The One-Sample t-Test
Now let’s run the one-sample t-test. We want to check if the sample mean differs significantly from 105, so we type:
ttest iq = 105
Here’s what we get:
Notice that we phrased the one-sample t-test as being two-tailed. In other words, we are checking for a difference from the test mean, not whether the sample mean is either greater than or less than the test mean. However, Stata helpfully gives us the one-tailed p values as well. In this case, there’s no practical effect, because the p for 105 being different from 99.56 (< .0001) is the same as the p for 105 being greater than 99.56 (p < .0001). However, in other contexts, p is likely to be different depending in the number of the tails in your hypothesis test, so that’s something to keep an eye on.

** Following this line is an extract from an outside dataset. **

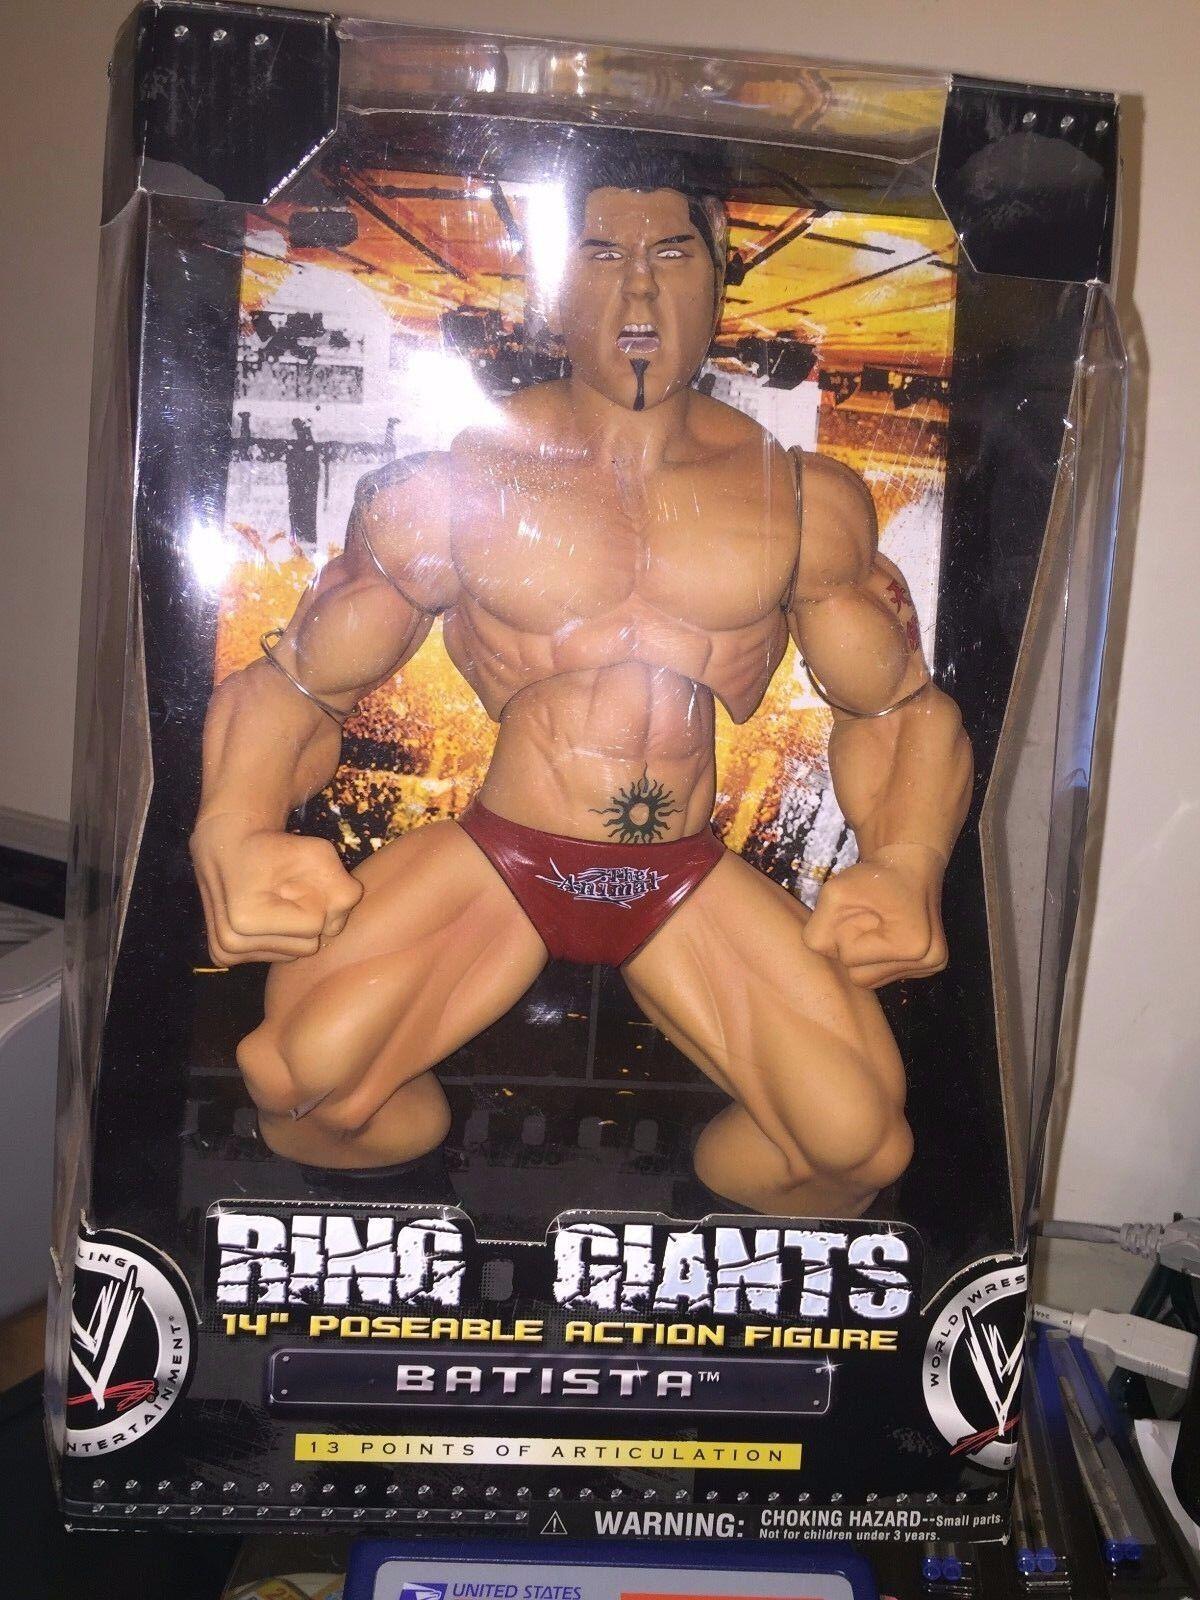 WWE Ring Giants 14  Posable Action Figure Batista NEW

We reject the null hypothesis that 105 is not significantly different from the sample mean of 99.56, and, if we want to phrase this finding in a one-tailed manner, we could conclude that there is evidence that the sample mean of 99.56 (SD = 9.92) is significantly less than the test value of 105, t(999) = -17.36, p < .0001.
Graphic Support
Finally, let’s illustrate the sample mean and 95% CI:
ciplot iq, scheme(s1color)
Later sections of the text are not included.